Any nonempty multiplicatively closed finite subset (or equivalently, nonempty finite subsemigroup) of a group is a subgroup.

### Symbolic statement

Let $G$ be a group and $H$ be a nonempty finite subset such that $a,b \in H \implies ab \in H$. Then, $H$ is a subgroup of $G$.

## Proof

### Lemma

Statement of lemma: For any $x \in H$:

1. All the positive powers of $x$ are in $H$
2. There exists a positive integer $n(x)$, dependent on $x$, such that $x^{n(x)} = e$.

Proof: $H$ is closed under multiplication, so we get that the positive power of $x$ are all in $H$. This proves (1).
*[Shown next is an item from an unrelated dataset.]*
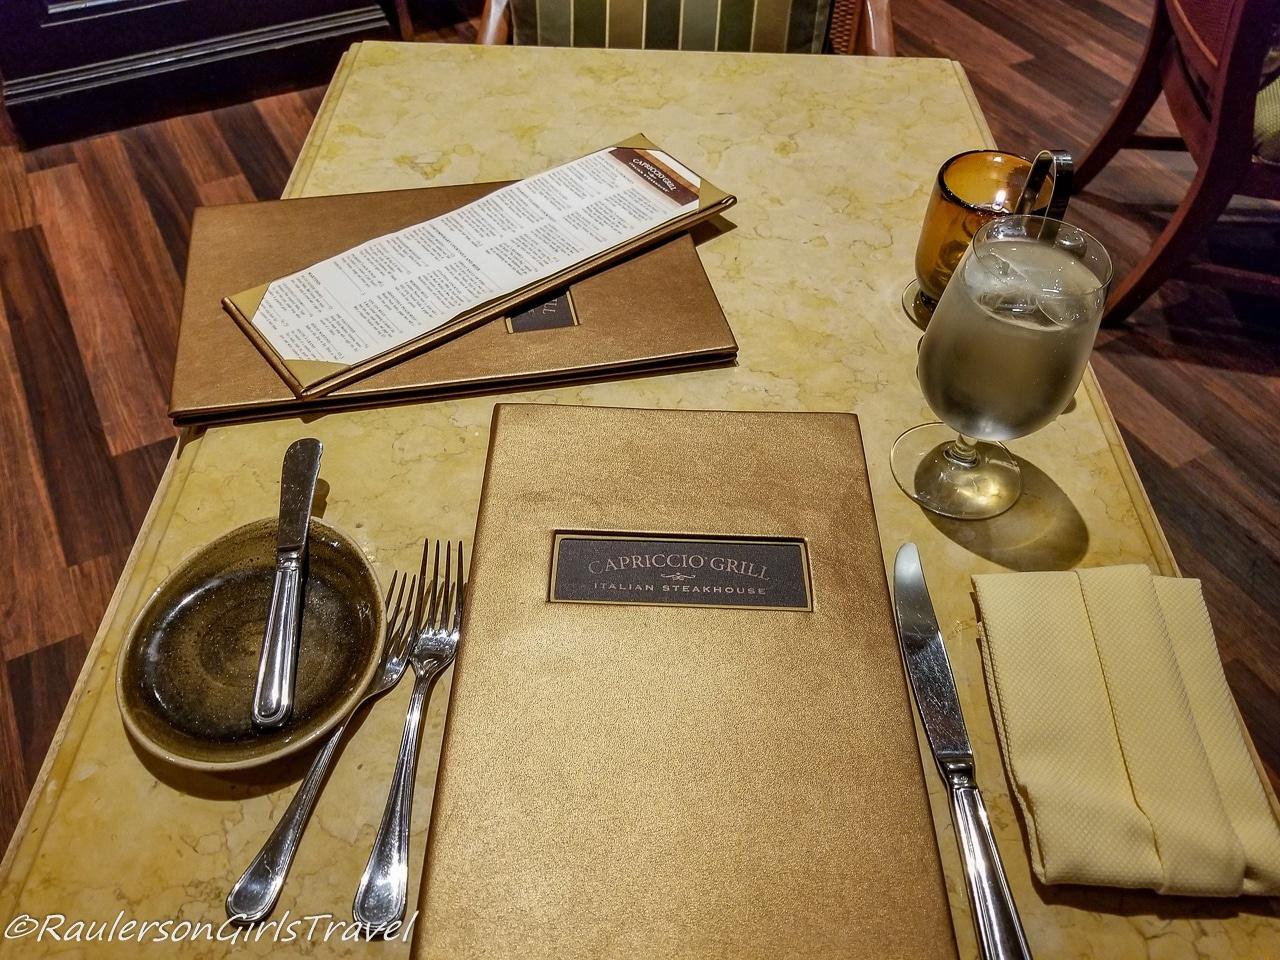 Capriccio Grill in the Peabody Hotel in Memphis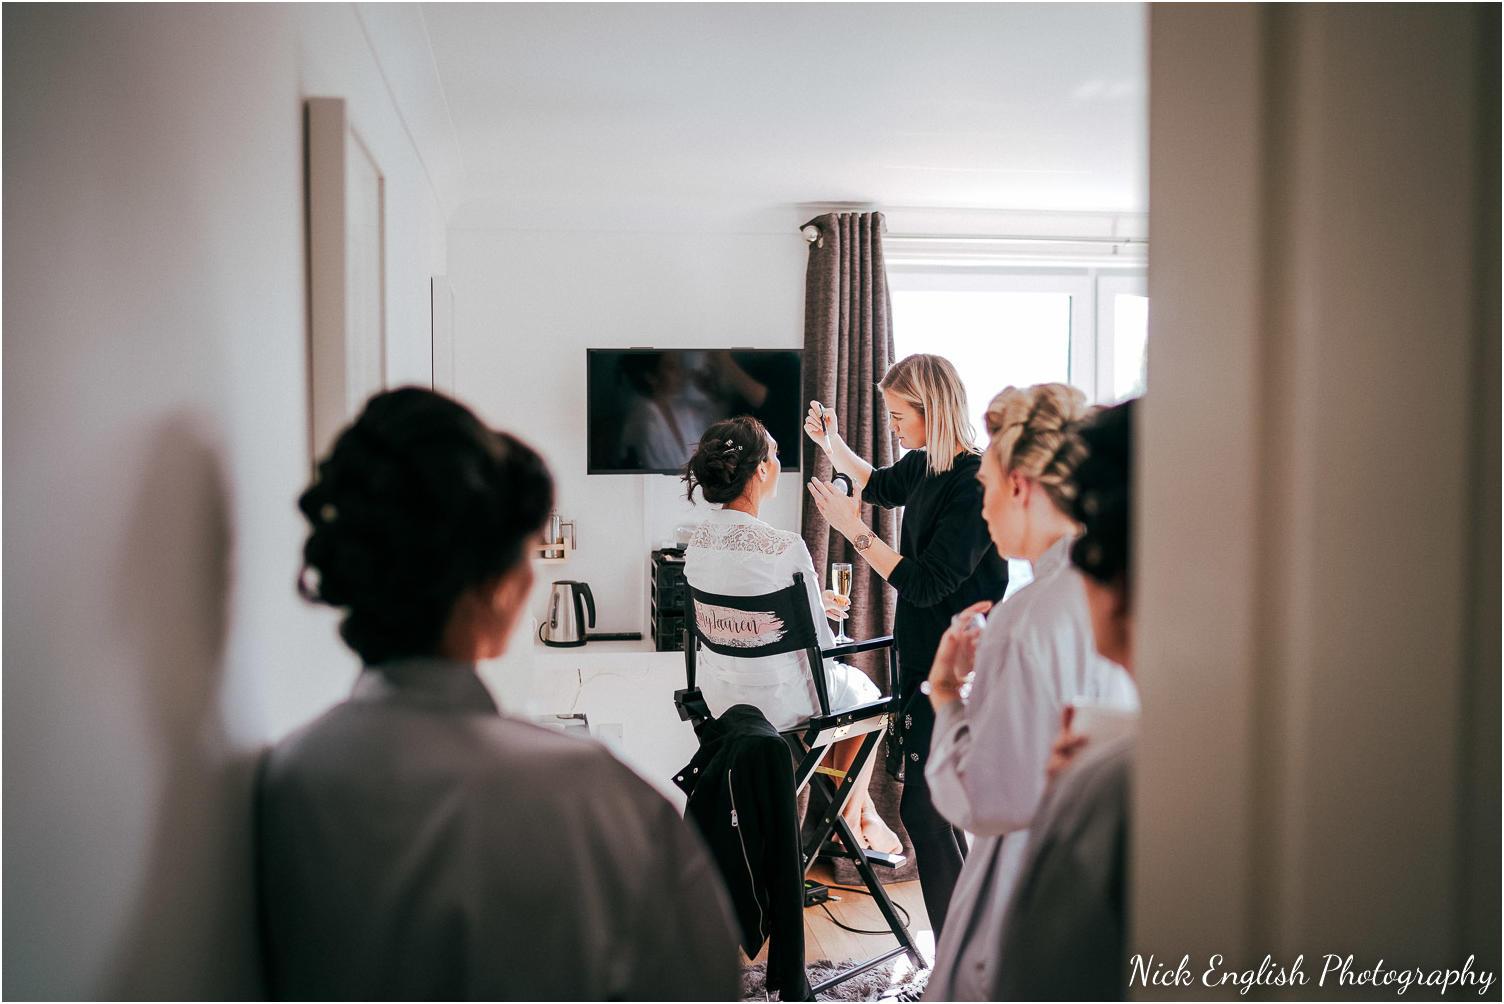 Browsholme_Hall_Barn_Wedding_Nick_English_Photography-4.jpg

Since $H$ is finite, the sequence $x,x^2,x^3, \ldots$ must have some repeated element. Thus, there are positive integers $k > l$ such that $x^k = x^l$. Multiplying both sides by $x^{-l}$, we get $x^{k-l} = e$. Set $n(x) = k - l$, and we get $x^{n(x)} = e$. Since $k > l$, $n(x)$ is a positive integer.

### The proof

We prove that $H$ satisfies the three conditions for being a subgroup, i.e., it is closed under all the group operations:

• Binary operation: Closure under the binary operation is already given to us.
• Identity element $e \in H$: Since $H$ is nonempty, there exists some element $u \in H$. Set $x = u$ in the lemma. Applying part (2) of the lemma, we get that $e$ is a positive power of $u$, so by part (1) of the lemma, $e \in H$.
• Inverses $g \in H \implies g^{-1} \in H$: Set $x = g$ in the lemma. We make two cases:
• Case $n(g) = 1$: In this case $g = e$ forcing $g^{-1} = e = g \in H$.
• Case $n(g) > 1$: In this case $g^{-1} = g^{n(g) - 1}$ is a positive power of $g$, hence by Part (1) of the lemma, $g^{-1} \in H$.